By Iain Nicolson, Canopus. Hardback ISBN 0954984633, £19.95.
If you are a particle physicist interested in cosmology, this book is for you. It makes a broad, clear and precise overview of our current understanding of dark matter and dark energy – the invisible actors governing the fate of the universe.
It is a challenge to try to make these apparently obscure concepts familiar to any motivated reader without a scientific background. But the author, Iain Nicolson, has been entirely successful in his enterprise. With a pleasant balance between text and colourful illustrations, he guides the reader through a fascinating, invisible and mysterious world that manifests its presence by shaping galaxies and the universe itself.
The book starts with an introduction to key concepts in astrophysics and the development of classical cosmology.

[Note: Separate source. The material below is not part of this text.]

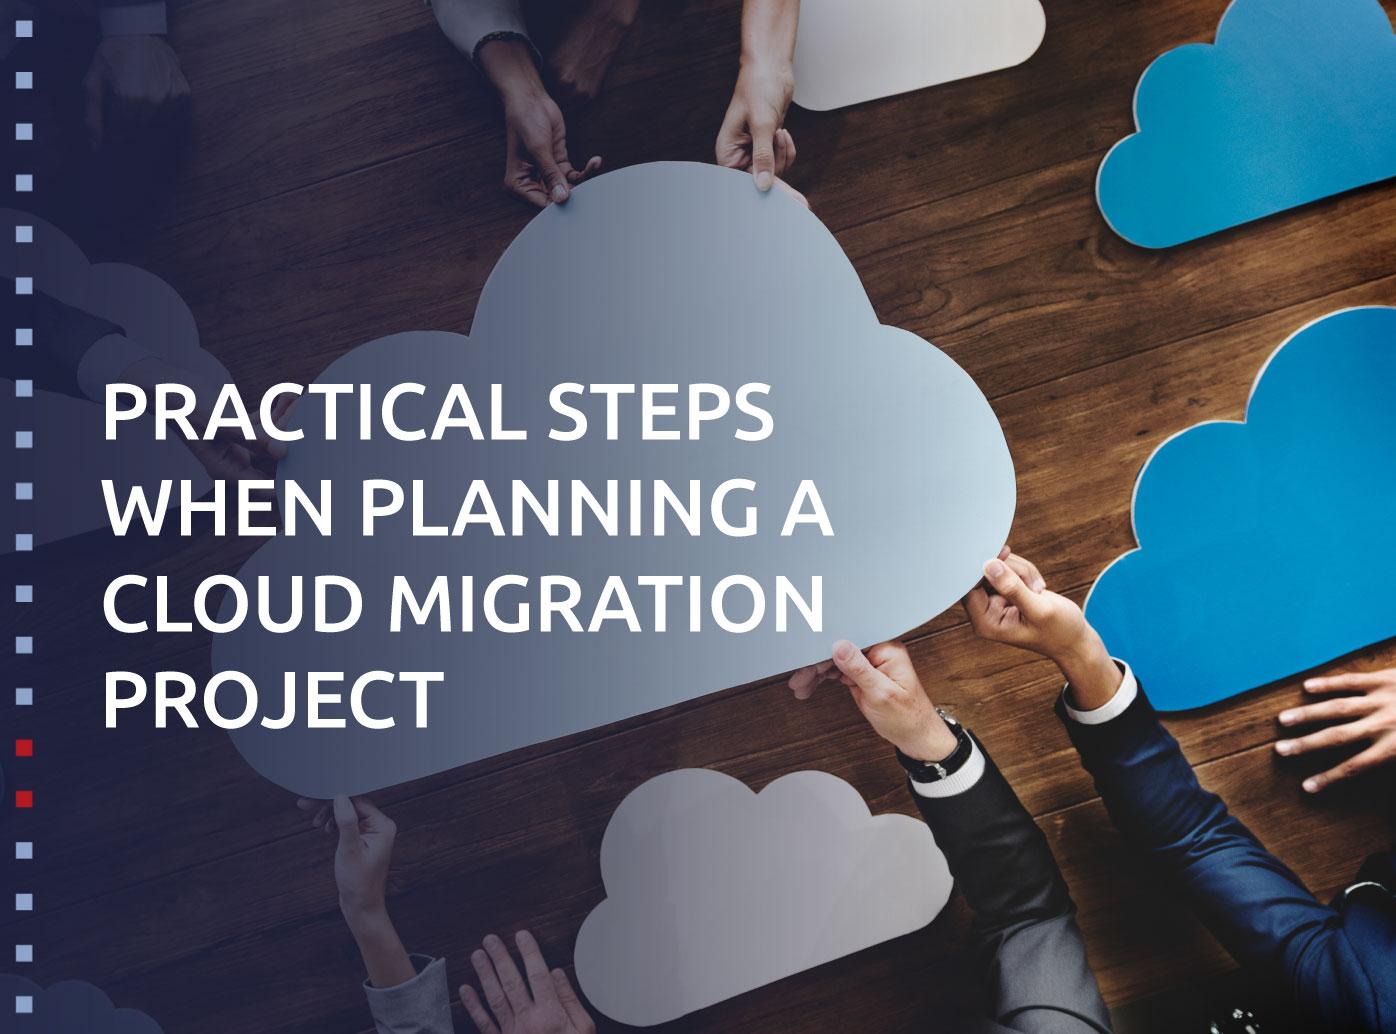 Practical steps when planning a cloud migration project

It then describes the observational evidence for dark matter in galaxies and clusters of galaxies, showing that massive extremely dim celestial bodies cannot account for the missing mass. Particle physics is not neglected, with a description of our understanding of ordinary “baryonic” matter and the quest for detecting exotic weakly interacting massive particles (WIMPs). An entire chapter is also devoted to the idea that modified Newtonian dynamics (MOND) could be an alternative to the existence of dark matter. The second half of the book is devoted to cosmological observations and arguments that suggest the existence of dark energy – an even more mysterious ingredient of the universe. The pieces assemble through these chapters to reveal a universe that is flattened out by inflation and that is essentially made of cold dark matter, with dark energy acting as a cosmological constant.
This new cosmology is generally accepted as the standard model and gives the full measure of the dark side of the universe. The visible matter studied by astronomers so far appears to be just the tip of the iceberg (less than 1%) and even baryonic matter studied so far by physicists is only about 5% of the mass–energy content of the universe. The remaining 95% is unknown territory, which the book invites us to explore using all techniques available. This will be the major challenge for physics in the 21st century.